(MATERIAL PROVIDED):
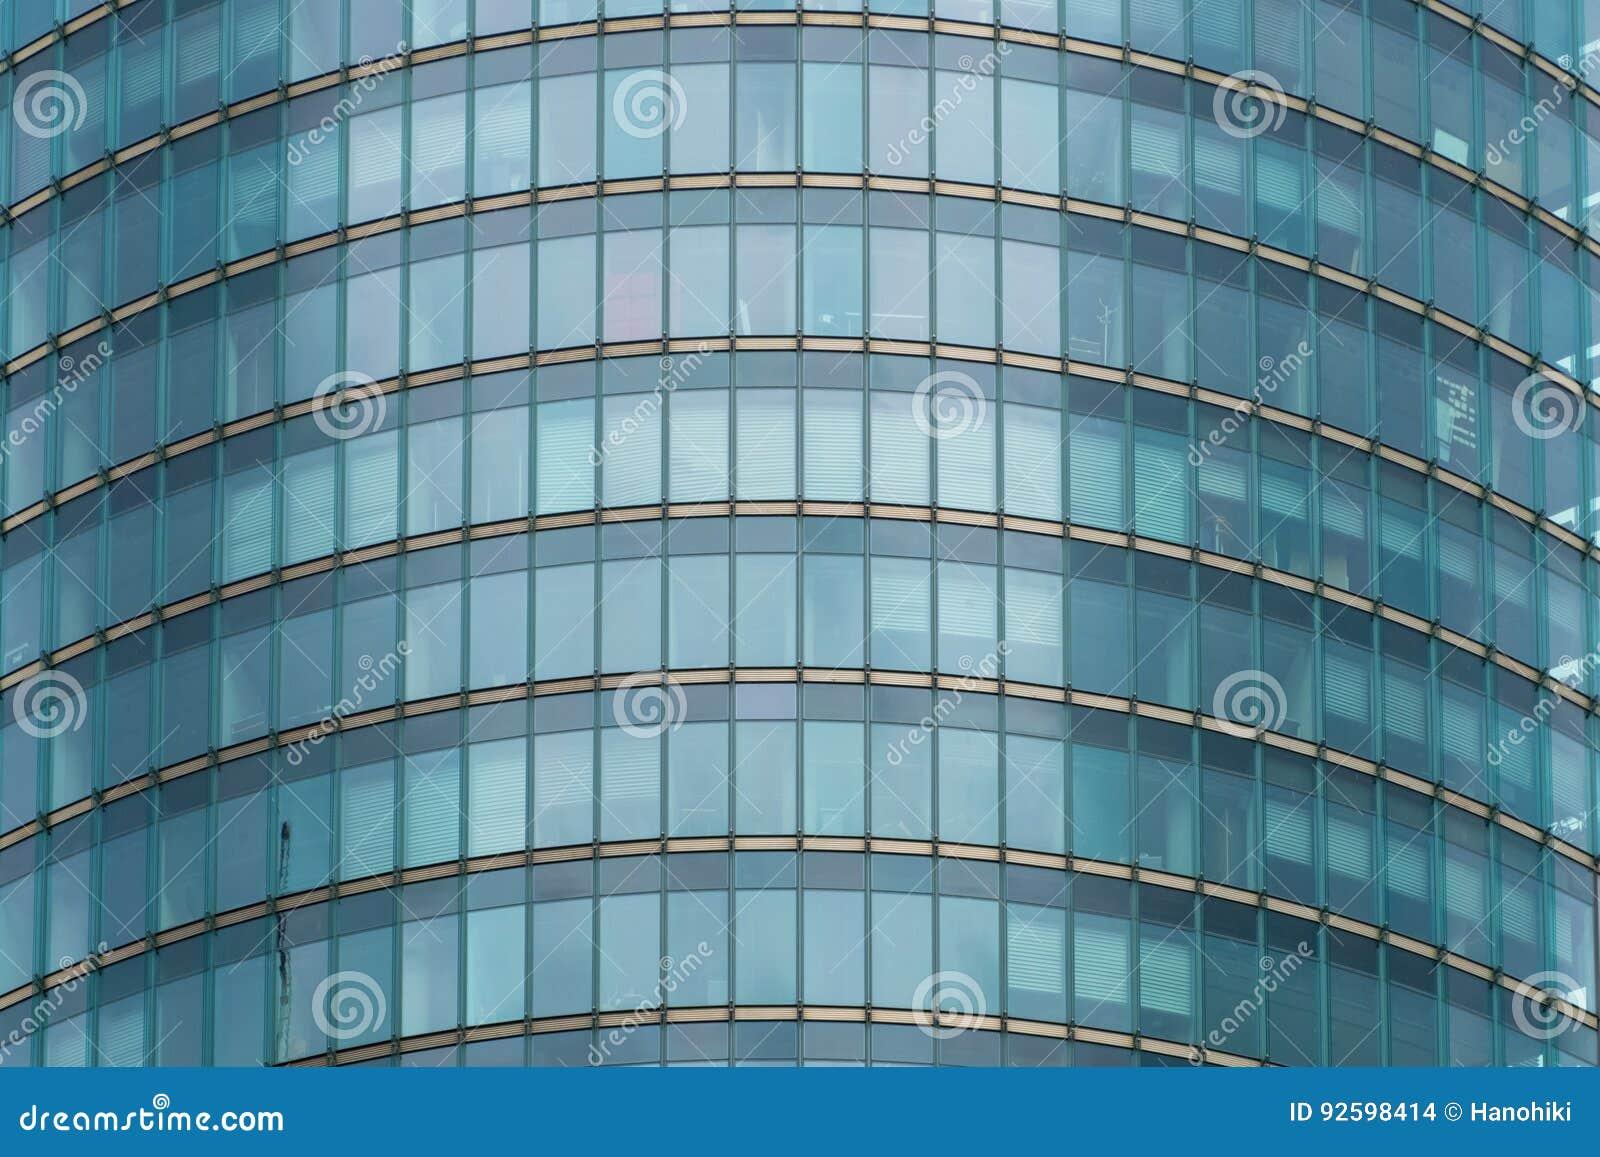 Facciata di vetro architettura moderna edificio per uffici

---

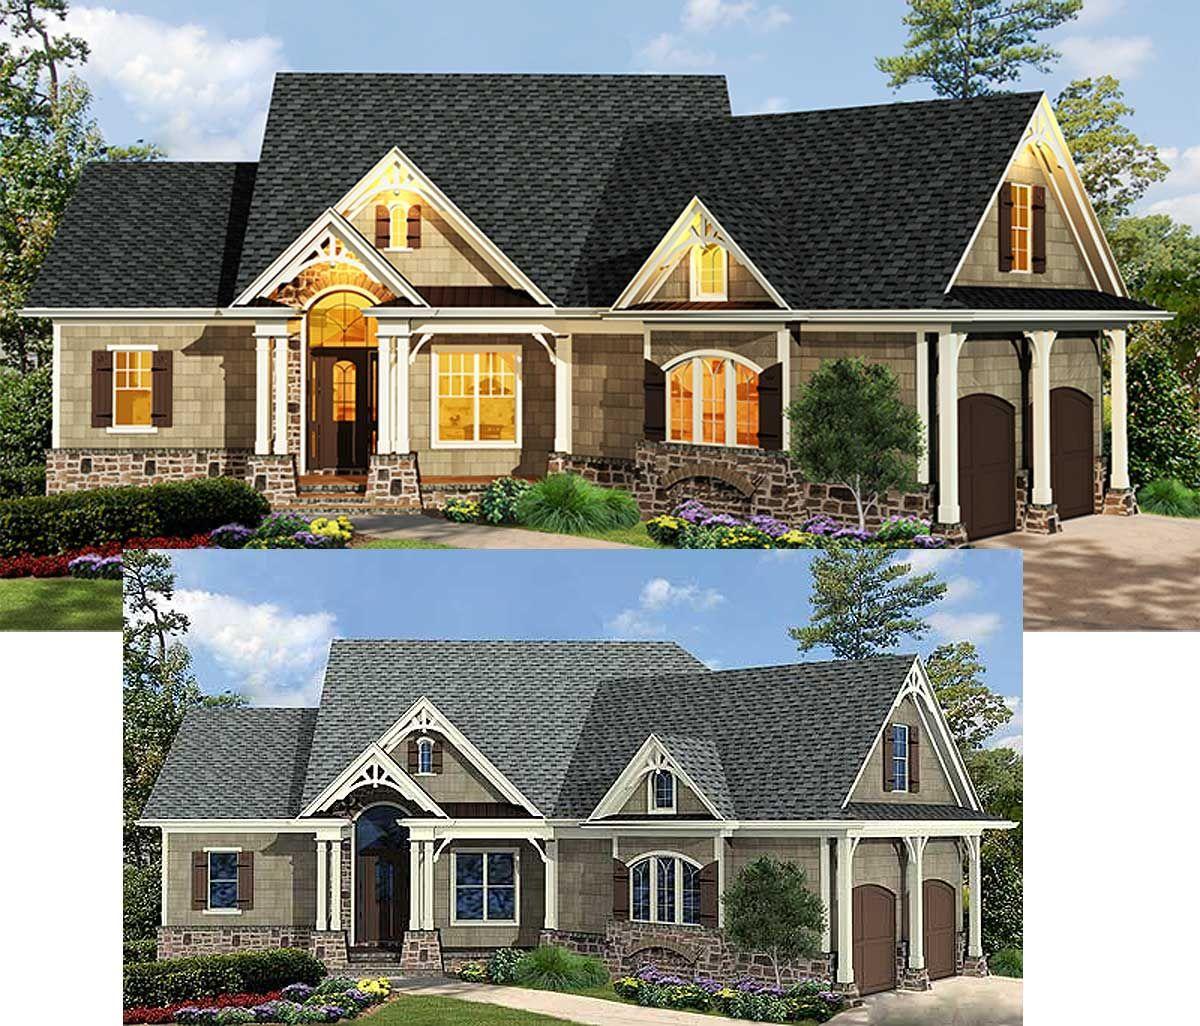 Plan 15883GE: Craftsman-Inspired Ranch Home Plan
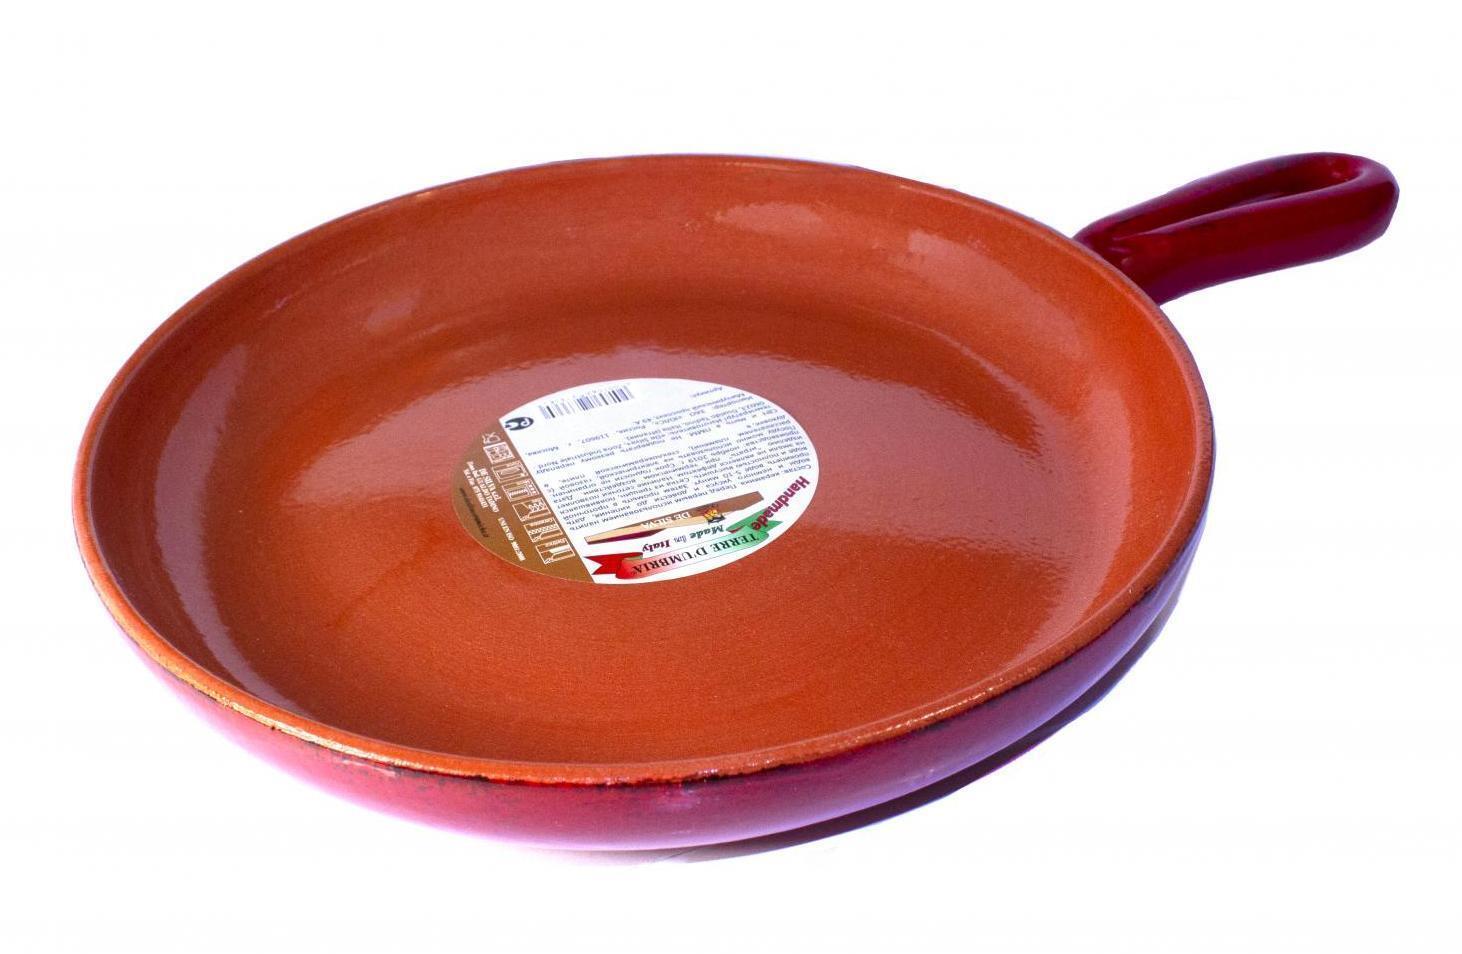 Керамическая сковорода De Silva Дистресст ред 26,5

(ACTIVITY):
From the listing above, repeat only the lines between the line containing "Plan 15883GE: Craftsman-Inspired" and the line containing "Керамическая сковорода De", those two included. Pictures are not part of the copy.

(TASK RESPONSE):
 Plan 15883GE: Craftsman-Inspired Ranch Home Plan
 Керамическая сковорода De Silva Дистресст ред 26,5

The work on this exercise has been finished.